The Stranger’s Tale (part two)

“In any case, nobody agrees on who that stranger may happen to be. If some say it is a fragment of a shattered past, some too think that the stranger is a messenger from the future. A ghost of what is not yet living rather than a ghost of the dead. A whole different kind of eerie. Some think that it’s nothing of the sort and rather a person born of dream and chaos. I think I’ve said that one already. The stranger appears, and tells her story, and disappears again. It’s as simple as that. A stranger in a wood, after all, can be almost anyone at all, and too a storyteller is both anyone at all and everyone at once.” The woman gave Ella a wink and a smile.

Chatyr-Dag Night Forest

“Of course, the story comes in many different shapes. In many -” the strange woman leaned toward Ella across the clearing, as though telling a secret, and her voice dropped to a tone that was soft and low, “the story is a truth, a terrible and beautiful truth that can never be untold, and is only given to those who seek it. It’s a warning, an omen, or a fact, I suppose. A telling of what is more true than any other, what’s true about people and the universe, what’s real in the dreams.” There was a moment of utter silence, and Ella’s heart burned and twisted in her. The black of the night seemed to advance, shadows curling like cats in their laps.

“Of course -” and now the woman’s voice resumed its conversational cadence, “that’s utter nonsense according to others. Then again, those others are often the ones who think that the story is something horrid, twisted and fearful.” Ella thought she heard voices around them. She looked from the corners of her eyes, trying to listen to the cries and groans that were almost too faint to hear. The strange woman continued talking as Ella’s ears strained for the voices in pain that swirled and spun in the darkness, but they faded away and she couldn’t hear anything. The voices may not have been there at all. Perhaps she was imagining it. She was simply getting spooked by the story, that was it.

The woman was saying, “and there are some people who think that the story is naught but a dream misremembered, nothing but a bad night’s sleep with only bits of anxiousness and terror grumbling in your stomach.

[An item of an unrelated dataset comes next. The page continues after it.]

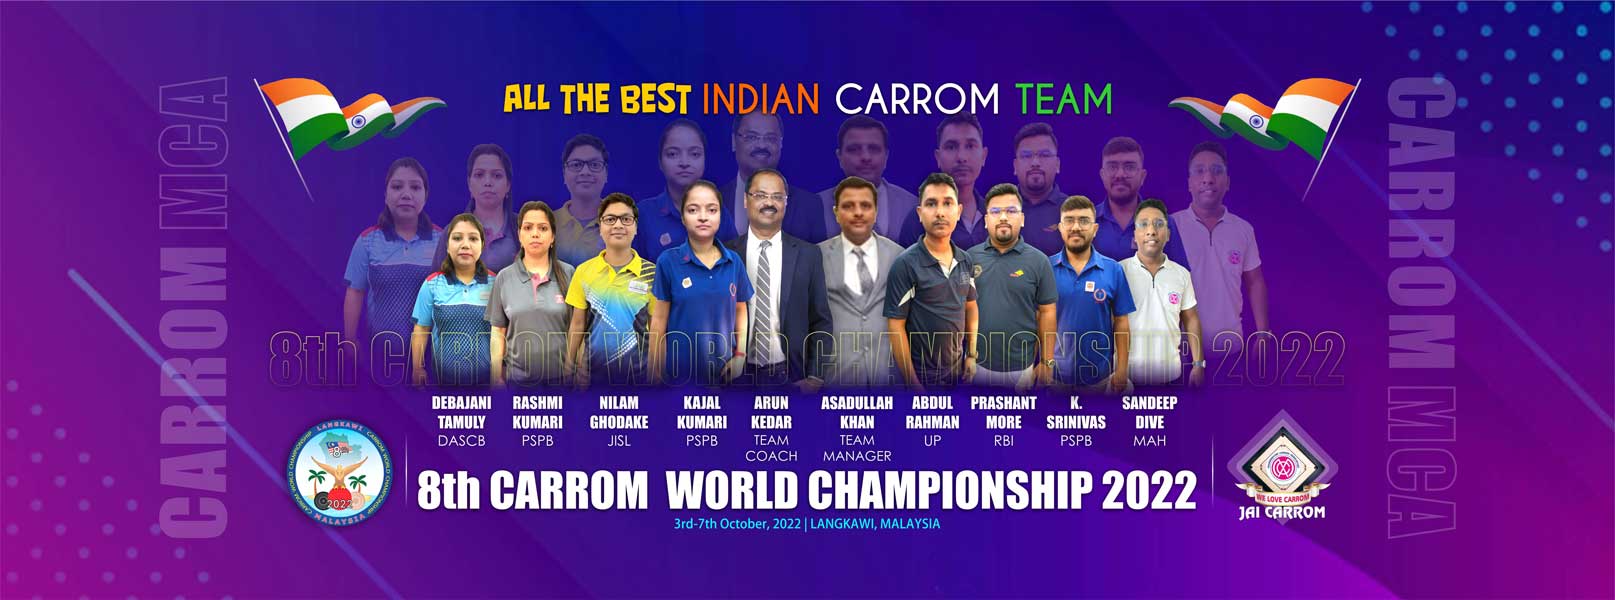 8th Carrom world Championship 2022, Langkawi, Malaysia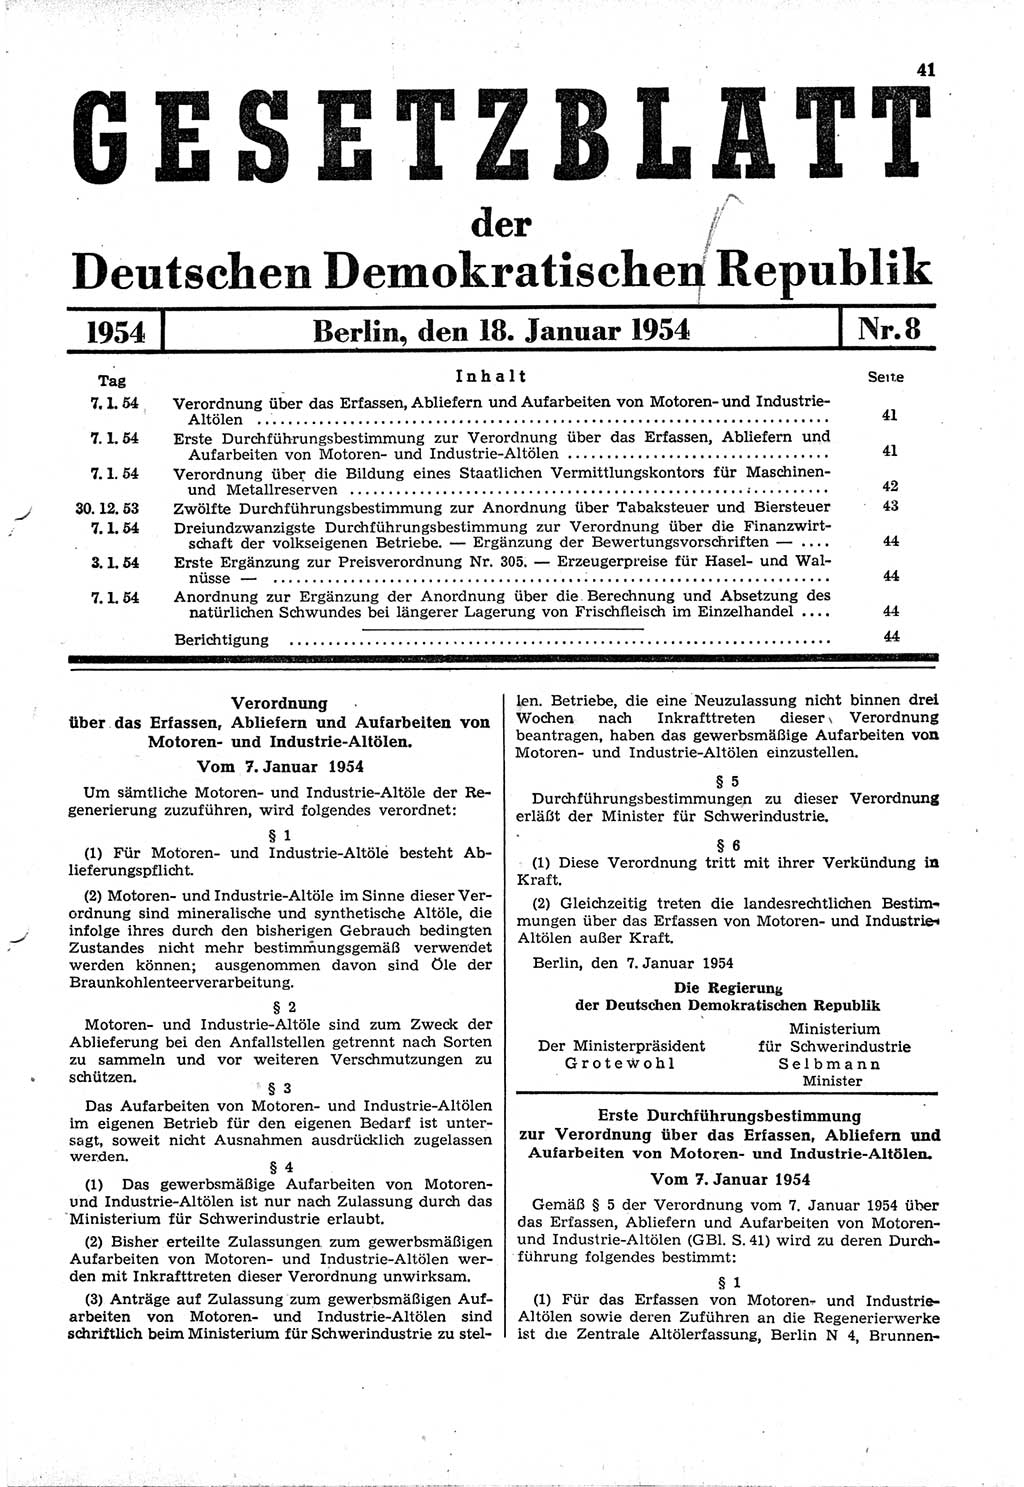 Gesetzblatt (GBl.) der Deutschen Demokratischen Republik (DDR) 1954, Seite 41 (GBl. DDR 1954, S. 41)

It could be that, I suppose. No more than the hidden misgivings that appear and speak to you in the gloom. It could also be the wish of the past or the fleeting sight of the future. Nobody knows, do you see?”

The moonlight flickered on the strange woman’s face, and the two of them sat cloaked in quiet. Around them the forest was still. Nothing moved except a shiver crawling up Ella’s spine. When her shoulders trembled the stranger began to speak again. “My dear, it’s but a story, or rather bits of a story that don’t quite make sense. Nobody knows what it means, a story from a strange person in the night. It doesn’t have to mean anything if you don’t want it to. If you don’t think it does. If you get a chance, though, sweetheart – do try to tell it again. It’s a story that’s meant to be told, for all that it’s made of wishes and fancies, hollow ones at that. Anyway, Ella, think on it some. Dream about it a little. Don’t forget.”

Ella looked at the woman, sitting serenely and looking straight at her. She watched the shifting glimmer in the woman’s dark eyes, and wondered at herself for being so calm, for accepting this bizarre thing that was happening to her. She didn’t want to forget, and against the words ringing in her head and the woman sitting against a tree whose story was finished, she closed her eyes. She told herself the words she had just heard, the ragged patched-together story made of dreams and retellings. The words pirouetted and dipped in her head, dancing fast to the beat of her heart.

She told herself the story against the dark behind her eyes until the words blurred and ran in her mind. When she opened her eyes again, she was alone in the forest under a lightening sky. She hauled herself to her feet and looked for the sun, and the shadows that would point her way home.